More useful functions

Stacking `lc` objects

Under the hood of the multilc class is the ability to stack lc objects.

This is done by making a new multilc object (which can be empty) and calling multilc.stack([newlcs]) with a list of lc objects as arguments. For example:

[80]:

testlc = lc.multilc(123456789,'tess',do_search=False) #we need do_search =False here, as we don't actually want to search for other lightcurves for the star TIC123456789
testlc.stack([simplelc1,simplelc2])
testlc.plot(savepng=False)

Saving

Lightcurves are saved, by default, in the same ID-specific folder that other MonoTools modules access, and which can be modified using the $MONOTOOLSPATH system environment variable but is by default in the MonoTools/data path.
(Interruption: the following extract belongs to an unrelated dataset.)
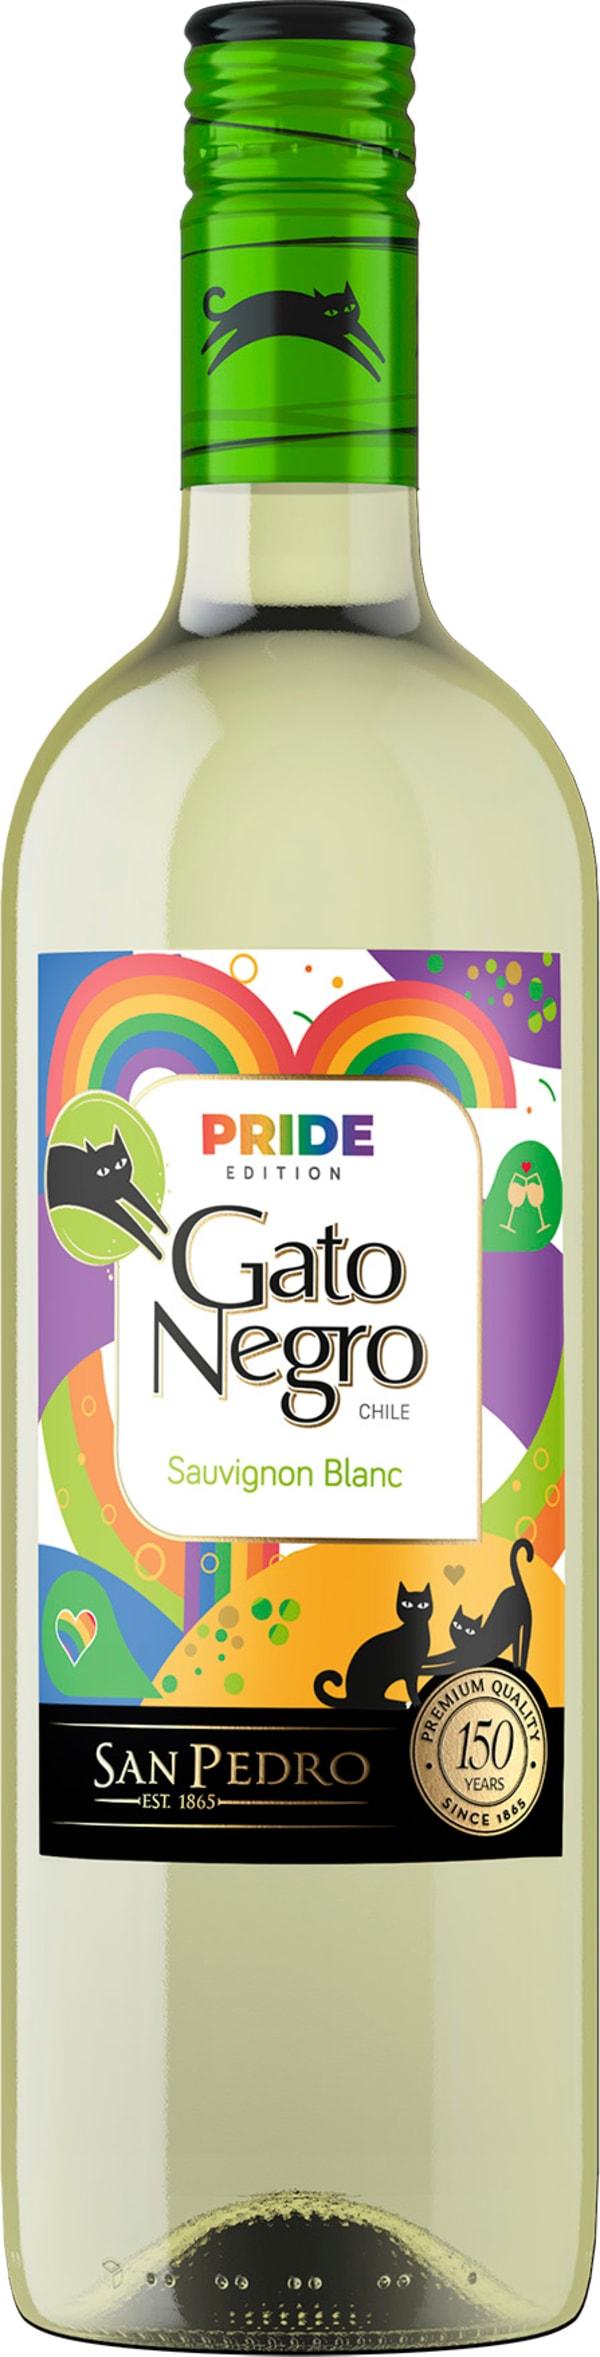 Gato Negro Sauvignon Blanc 2019
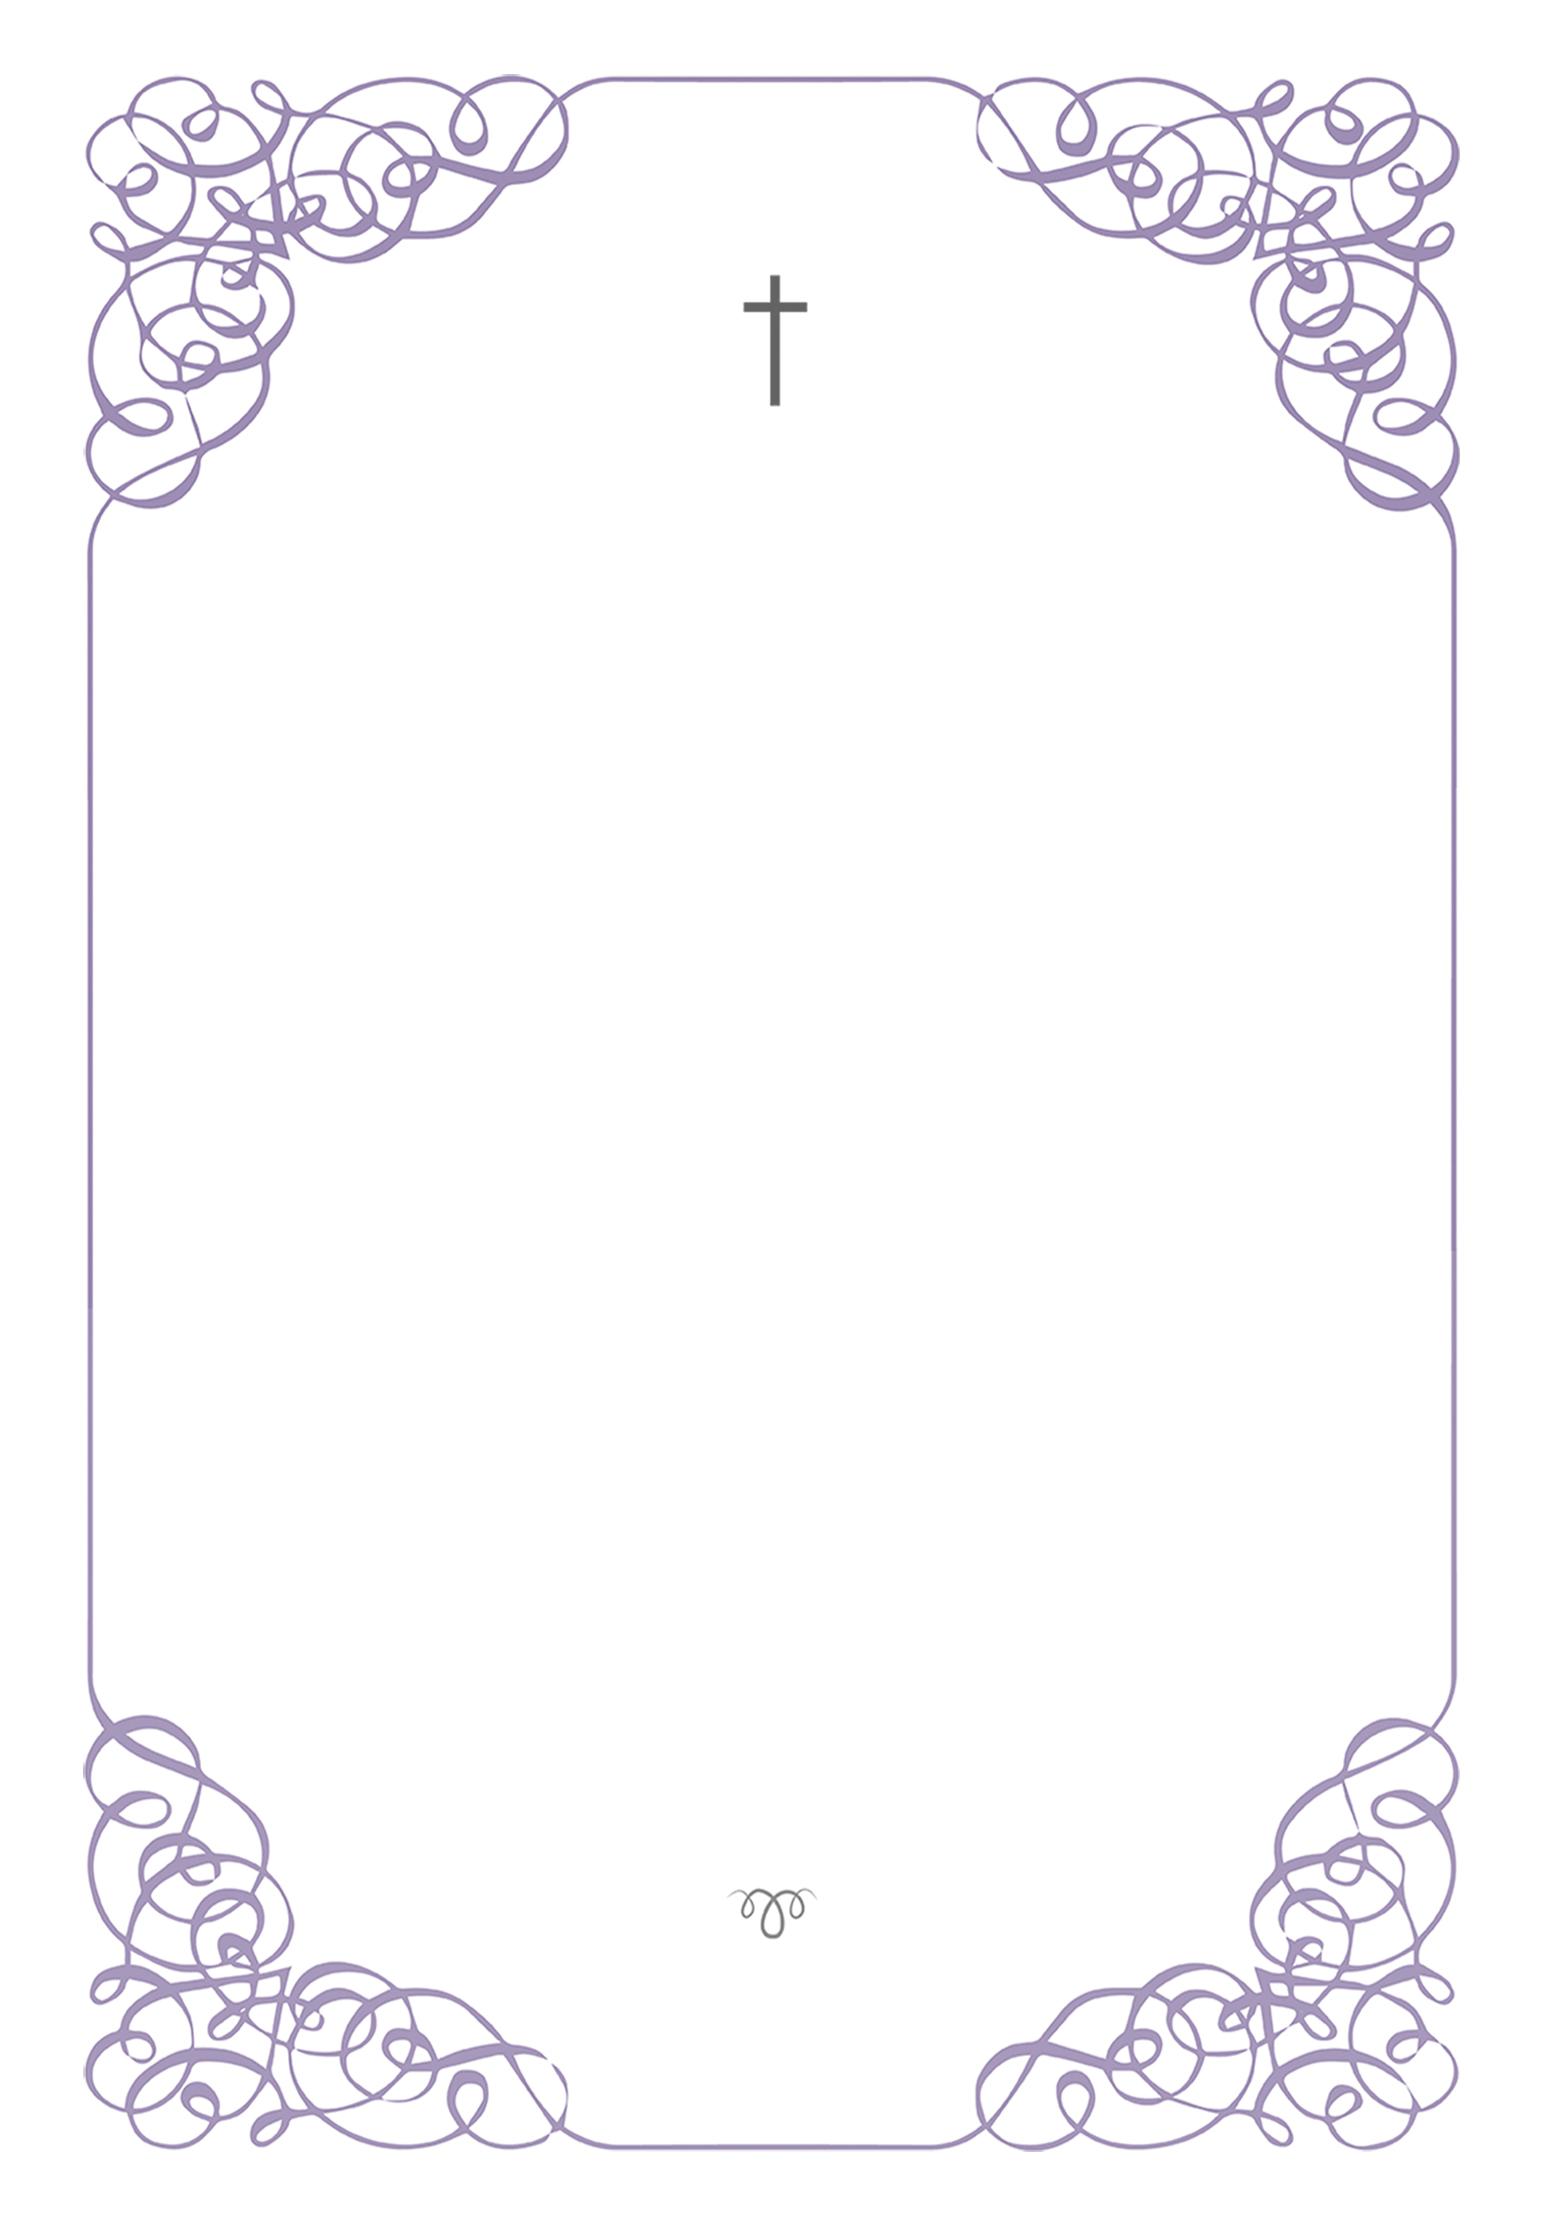 First Communion Invitation Template - Tutlin.psstech.co - Free Printable 1St Communion Invitations

So, in this case, it would be in the MonoTools/data/TIC00123456789/ folder.

There are two ways to save the lightcurves found by lc and multilc:

This retainins most metadata, although we delete binned and flattened arrays (which are re-derivable from the other timeseries).

[ ]:

tools.MonoData_savepath

[87]:

testlc.save()

This does not retain metadata and only stores those timeseries with the same length as the time array (i.e. time, fluxes, flux_errs, cadence, mask, etc):

[88]:

testlc.save_csv()

[93]:

#Let's see what got stored:
import pandas as pd
import os
from MonoTools.MonoTools import tools

df=pd.read_csv(os.path.join(tools.MonoData_savepath,"TIC00123456789","TIC00123456789_lc.csv"),index_col=0)
df

[93]:

	bg_flux	bg_flux_err	cadence	flux	flux_err	flux_mask	flux_spline	mask	time
0	NaN	NaN	ts_8600_test_99	11.022208	0.010108	True	7.669597	True	2459000.0
1	NaN	NaN	ts_8600_test_99	0.809182	0.009523	True	7.631497	True	2459000.1
2	NaN	NaN	ts_8600_test_99	12.440341	0.010081	True	7.514247	True	2459000.2
3	NaN	NaN	ts_8600_test_99	3.618393	0.008787	True	7.329670	True	2459000.3
4	NaN	NaN	ts_8600_test_99	10.173530	0.010226	True	7.089586	True	2459000.4
...	...	...	...	...	...	...	...	...	...
995	42.598741	2.515070	ts_8600_test_100	0.064905	0.009867	True	NaN	True	2459099.5
996	36.871784	2.505943	ts_8600_test_100	6.688908	0.009028	True	NaN	True	2459099.6
997	43.892122	2.487309	ts_8600_test_100	6.159992	0.010139	True	NaN	True	2459099.7
998	39.806309	2.503166	ts_8600_test_100	2.217753	0.010212	True	NaN	True	2459099.8
999	41.508409	2.518718	ts_8600_test_100	9.515834	0.009651	True	NaN	True	2459099.9

1000 rows × 9 columns

Loading

If you have already called multilc with a given id/mission pair, then the data is usually automatically stored in the MonoTools datapath. The next time you call multilc, it will check this path for existing data and load it using multilc.load_pickle(). This can occasionally cause bugs, so often it’s good to check if load=False fixes problems with initialising multilc objects.